ERROR IN PROCEDENDO
TRF-4 anula sentença que julgou improcedentes embargos à execução fiscal por cerceamento da defesa da empresa

Divulgação RM Distribuidor

Por Jomar Martins (jomar@painelderiscos.com.br)

Incorre em erro de procedimento (error in procedendo) o julgador que indefere a juntada de novos documentos e a produção de perícia contábil, na fase de instrução probatória, e depois, na fase de sentença, julga os embargos à execução fiscal improcedentes sob o argumento de que o contribuinte deixou de apresentar provas e documentos em tempo hábil.

Diante desse quadro fático-processual, a maioria da 1ª Turma do Tribunal Regional Federal da 4ª Região (TRF-4) decidiu anular sentença da 1ª Vara Federal de Cachoeira do Sul (RS) que julgou improcedentes embargos de execução fiscal manejados por uma distribuidora de alimentos da Metade Sul do Rio Grande do Sul.

Juiz Andrei Piten Velloso foi o voto vencedor
Reprodução Youtube

O juiz federal convocado Andrei Pitten Velloso, voto divergente vencedor, apurou que a empresa embargante já havia requerido, na peça inicial da ação, a produção de prova pericial e a concessão de prazo para a juntada de documentos, mas o juízo de origem não se pronunciou sobre tais pedidos. Mais tarde, a autora requereu novamente a produção de prova pericial, indeferida sob o fundamento de que estaria ‘‘documentalmente esclarecida a matéria alegada’’.

Posteriormente, ao proferir a sentença, lembrou que o julgador de origem considerou a juntada de documentos imprescindível ao julgamento do processo, mas não ofereceu à empresa a oportunidade de fazê-la. Consequentemente, não deferiu a produção da prova pericial, devidamente requerida.

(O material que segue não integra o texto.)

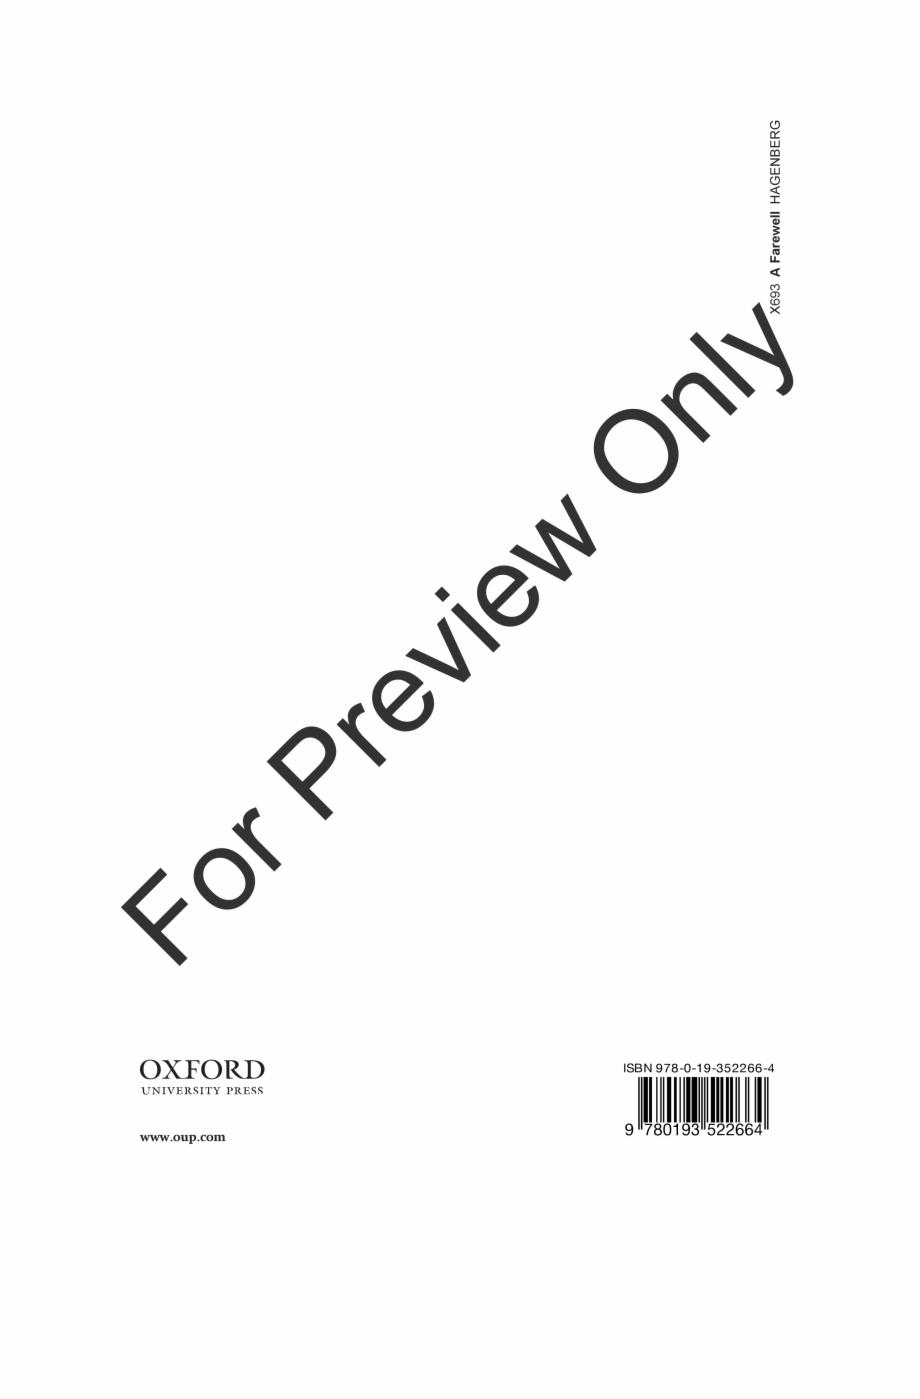 Oxford university press logo clipart clipart Thumbnail A Farewell Thumbnail - Oxford University Press ... clipart
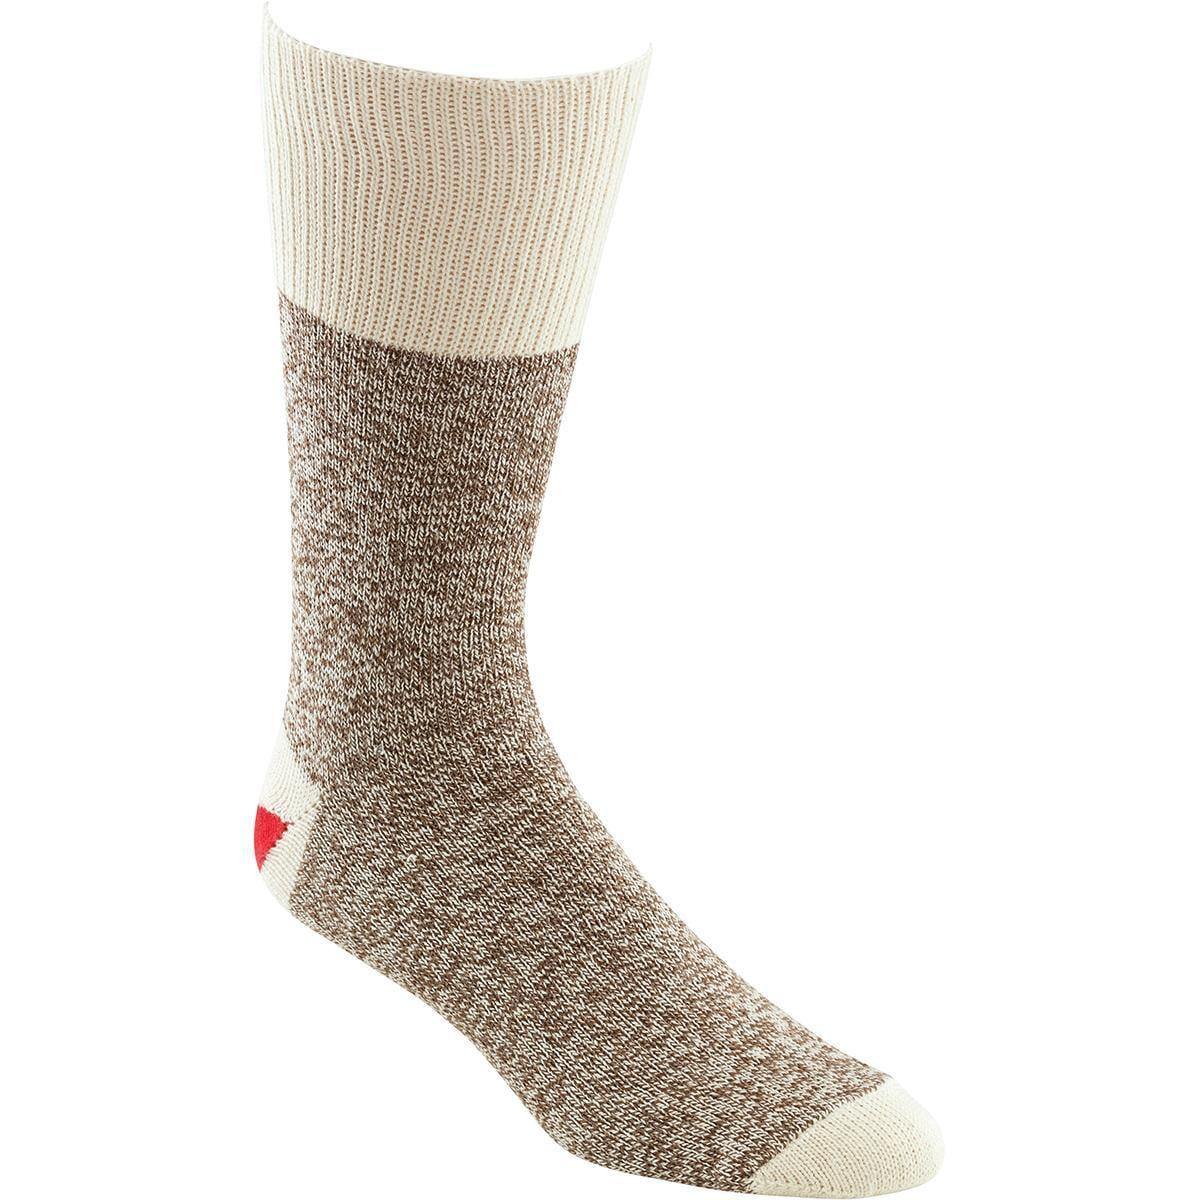 Fox River Red Heel Monkey Socks 2 Pairs - Size 8-9 Brown ...

‘‘Assim, entendo ter havido erro no procedimento, pelo que a sentença deve ser anulada a fim de que seja concedido prazo razoável para a juntada dos documentos necessários à prova pericial postulada e, após a juntada, seja determinada a sua realização. Ante o exposto, divergindo do il. Relator, voto por acolher a preliminar, determinando a anulação da sentença para que seja franqueada a realização da perícia postulada’’, expressou no voto.

Embargos à execução fiscal

RM da Silveira & Cia. Ltda., distribuidora de alimentos sediada em Caçapava do Sul (RS), opôs embargos à execução fiscal movida pela Fazenda Nacional (União), pedindo o direito de compensar créditos tributários decorrentes de retificação do Demonstrativo de Apuração de Contribuições Sociais (Dacon) do período de janeiro/2011 a dezembro/2011, com a inclusão de valores de receitas tributadas a alíquota zero que antes teriam sido inclusas em campo diverso. Ou o reconhecimento de excesso a execução, com base no entendimento do Supremo Tribunal Federal (STF) acerca da exclusão do ICMS da base de cálculo do PIS/Cofins.

A embargante alega que a referida compensação não foi homologada pelo fisco em razão de divergência com as informações lançadas na Declaração de Informações Econômico-Fiscais da Pessoa Jurídica (DIPJ) de 2012, as quais teriam sido lançadas por ‘‘simples equívoco’’. Assim, para verificação deste equívoco, pediu uma perícia contábil – o que mostraria a prova do seu direito à compensação tributária, negada na fase administrativa.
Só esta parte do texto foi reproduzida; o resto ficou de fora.